In my work (legal) I am ready to automate everything that only gives in to this. But while the robots pumped by neural networks from the utopia of German Gref did not appear and did not take away all the work of ordinary lawyers, the routine will remain our main companion for a long time. Automation of this routine is what I occasionally do for the past years, be it numerous excel tables with a bunch of formulas allowing you to quickly print out hundreds of similar documents sent to the word, well, or automatically generated reports. But there are some things that you cannot do with simple formulas and substitutions. This is where programming comes in, which I have been fond of since childhood, and it just so happened that it started with delphi. Now it is easier for me than in C # or python, to master which I started recently, to quickly do some kind of project in Lazarus using freepascal. And yes, I quite seriously believe that the possibilities of this environment are more than enough. Therefore, automate the Unified Statements, you guessed it, with the help of pascal.

A lawyer of a consulting firm doing business with dozens of legal entities, a corporate lawyer on free bread, and any other lawyer confronted with ensuring the activities of organizations - they all know how easily dozens and hundreds of different names, TIN numbers, OGRN numbers are mixed together it is easy to forget who is where the manager is, and when the term of extension of office is suitable for him, whether there are any problems with shares in an LLC and with payment of its share capital. Well, the need to quickly make a document that includes many constantly changing details, leads to periodic errors and typos. To automate just such processes, I needed a solution with a database that allows you to create documents using templates, keep various registries, track changes and not skip any deadlines. Well, one of the necessary simplifications of life is the quick receipt of a fresh file with information from the Unified State Register of Legal Services from the Federal Tax Service website . Of course, no one says that using the site directly is long and difficult, but agree that clicking on one button without leaving the application is much more fun, and you can do it without interrupting a phone call (or a cup of coffee).

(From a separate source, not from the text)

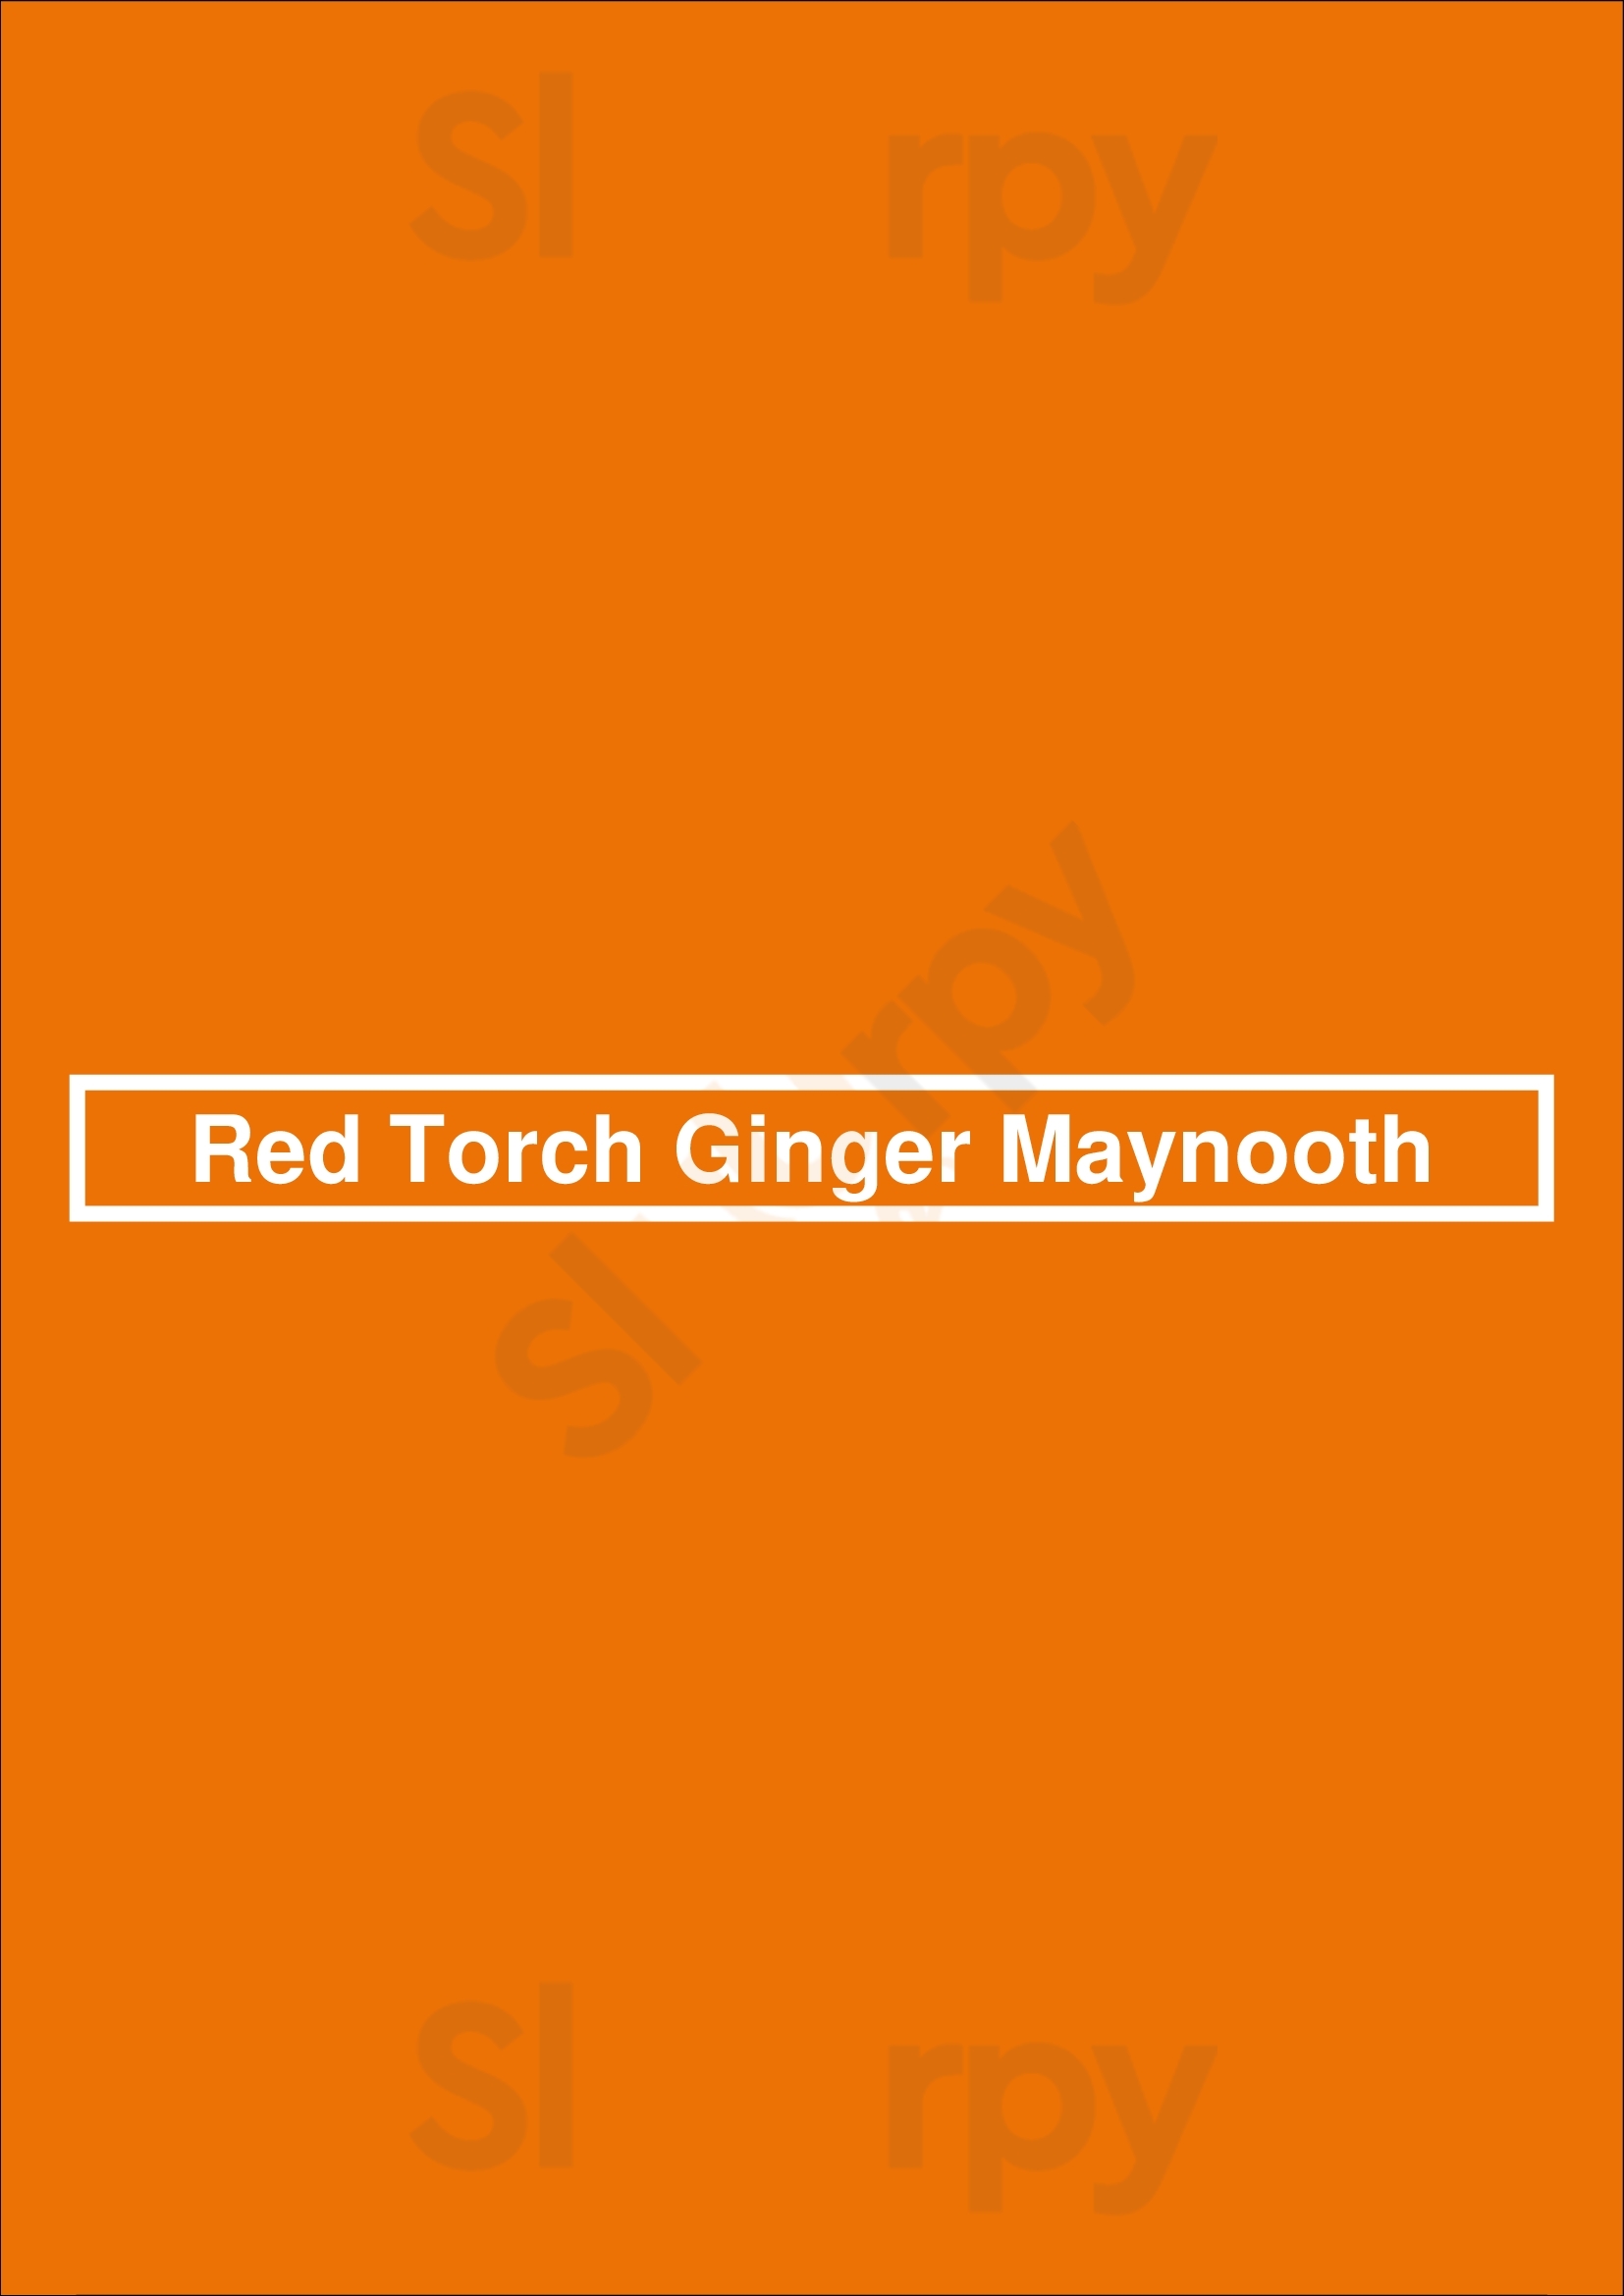 Red Torch Ginger Maynooth Maynooth Menu - 1

So, first we decide what we want to receive. The site allows you to search in the official database of unregistered for the unique number of OGRN or TIN and give one relevant result in the form of a brief reference about the person and a link to download a pdf-file with an extract. Also, the search may be fuzzy by name with an additional filter by region (subject of the Russian Federation). And in this case, the site produces a table with all suitable persons and with the same data set, including links to pdf.
')

This means that in a specific case, the finished function must return the pdf as a file (or better, a stream), having a face at the entrance to the OGRN or TIN. But for universalization and the possibility of further expansion, we will not neglect all the capabilities of the site and will also do a fuzzy search function with the return of the data set found by the name of the organization with or without a filter by region. Let's try to describe the interfaces of these functions:

IEGRULstreamer = interface procedure GetExtractByOGRN(OGRN: string; ; isLegal: boolean; var Extract: TStream); procedure GetLegalsListByName(Name, Region: string; ; var LegalsList: TCollection); end; 

In order to understand what the mysterious parameter X and the collection of which will be returned by the second function, let us figure out exactly how the site executes the request.

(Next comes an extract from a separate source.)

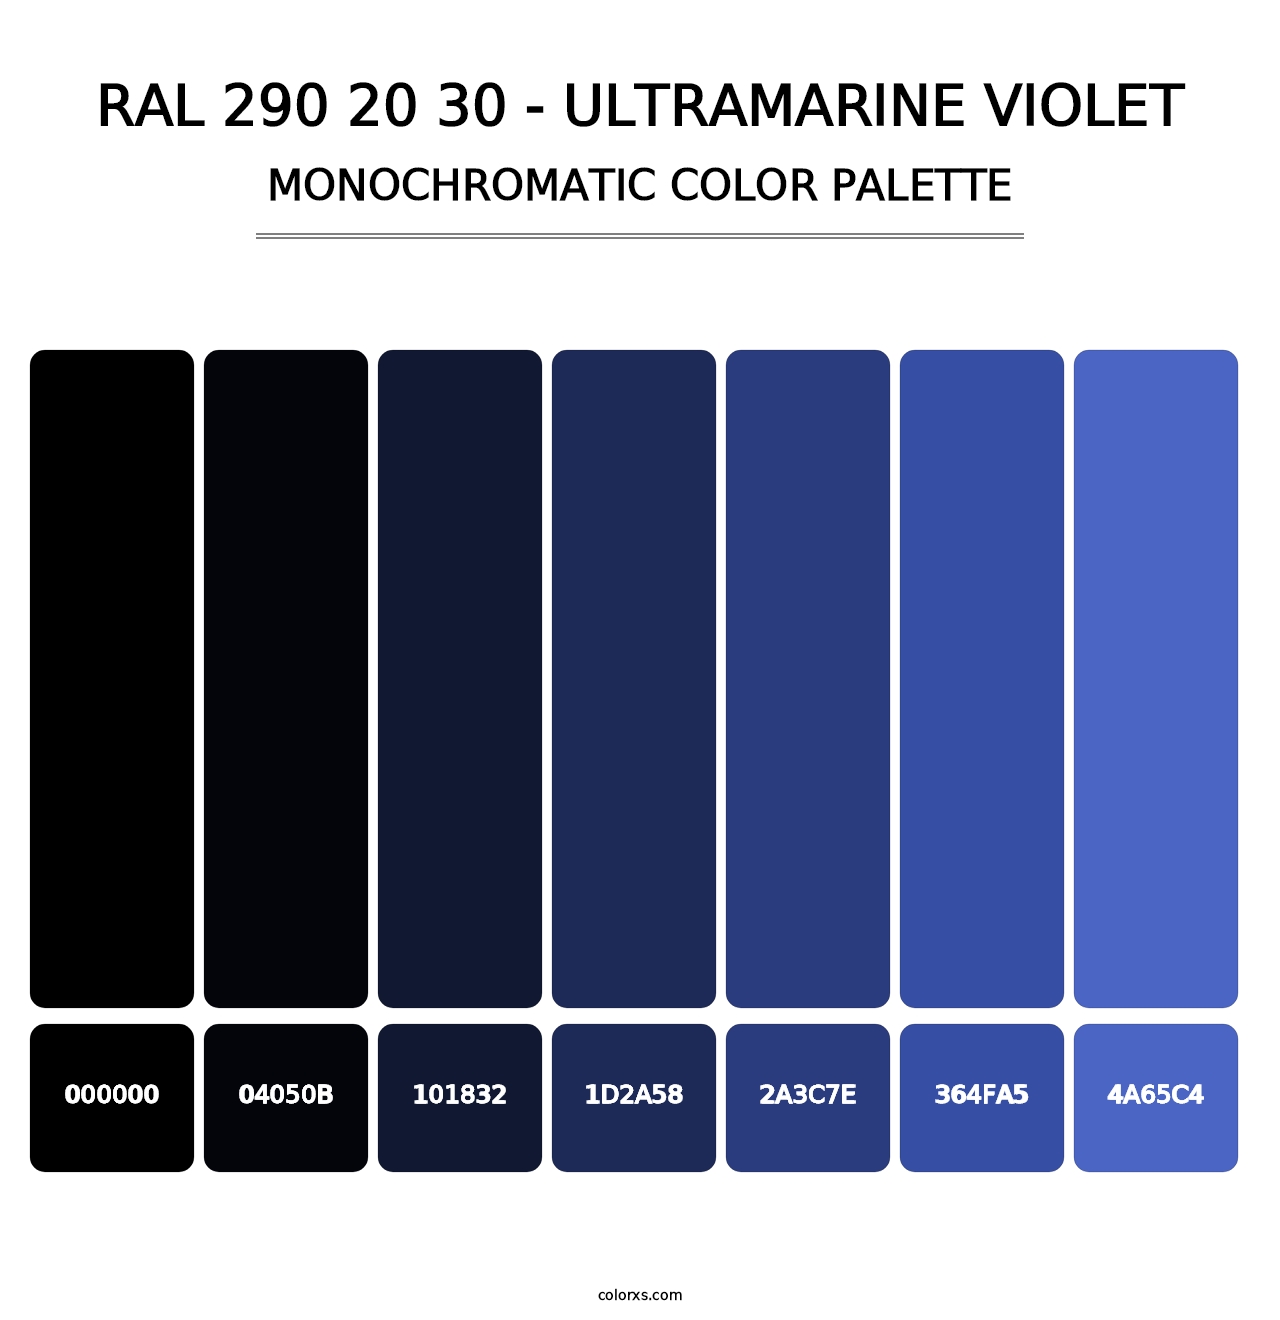 RAL 290 20 30 - Ultramarine Violet - Monochromatic Color Palette

1. The site contains a form with input fields for search identifiers and captcha checks:



2. A captcha is formed using a previously generated hidden field called captchaToken, which uses a java script to generate a captcha image on a given token.

3. After clicking on the "find" button, a POST request is sent to the server, in the processing results of which JSON is returned with an array of objects. This JSON response uses a different java script that fills the table, which we see in the search results.

So, the first snag is a captcha test. In order not to burden our methods dealing with interaction with the site, with unnecessary functionality, we will put the captcha processing actions into a separate function. And in X, we will have a parameter for the callback method, which has a stream with an image of a captcha at the input, and a line with a recognized captcha at the output:

 TCapthcaRecognizeFunc = function(Captha: TStream): string of object; ... procedure GetExtractByOGRN(OGRN: string; CaptchaFunc: TCapthcaRecognizeFunc; isLegal: boolean; var Extract: TStream); 

The captcha processing function can do it in any way: let the user enter it manually, send the image to the paid automatic recognition server, and self-recognize using the unique know-how of the algorithm. For simplicity of the picture, and since in my case the flow of captcha on an industrial scale is not expected, we choose the first option:

 function TForm1.RecognizeFunc(captcha: TStream): string; begin CaptchaImg.Picture.LoadFromStream(captcha); Result := InputBox('','    ', ''); end; 

The second question is the contents of the server JSON response. Here is an example of what comes in it:

The answer is in the formatted JSON format
 { "query": {"captcha":"382915", "ogrninnfl":null, "fam":null, "nam":null, "otch":null, "region":null, "ogrninnul":null, "namul":"", "regionul":"73", "kind":"ul", "ul":true, "searchByOgrn":false, "nameEq":false, "searchByOgrnip":true}, "rows": [ {"T":"ED346E713D4A1AC851F9B589C6D2AECD1D809D5B6B5D1B98E697B6E0FD873E137B828AC59A60D159BB2894F11D00AB5639E2ACEE4E2ED5B7AC7A6EFE28FD987BC288B93C4D3D3EC1008DA0F128BA7E5E", "INN":"7325001144", "NAME":"  ", "OGRN":"1027301175110", "ADRESTEXT":"432017,  ,  ,  , 1", "CNT":"4", "DTREG":"03.12.2002", "KPP":"732501001"}, {"T":"2ECB284C7682E5F1D1129AA3074FABB4B74BB28EA426AF79C091CEDEA0D9E391CA26FF405A7C9742466E19C78FBE5A59BDCBCD21268FFD8AFD3A8509CCA84541", "INN":"7303007375", "NAME":"      \"   \"", "OGRN":"1027301173283", "ADRESTEXT":"432063,  ,  ,   , 7", "CNT":"4", "DTREG":"27.11.2002", "KPP":"732501001", "DTEND":"01.09.2010"}, ] } 


As you can see, the result returns a “query” object, which contains the original search parameters (so that they remain in the form fields for reuse) and an array of “rows” objects. The link to the pdf file is combined by a java script with the expression:
  "https://egrul.nalog.ru/download/" 
and the key value "T" of the object. The lifetime of the generated pdf file is a few minutes.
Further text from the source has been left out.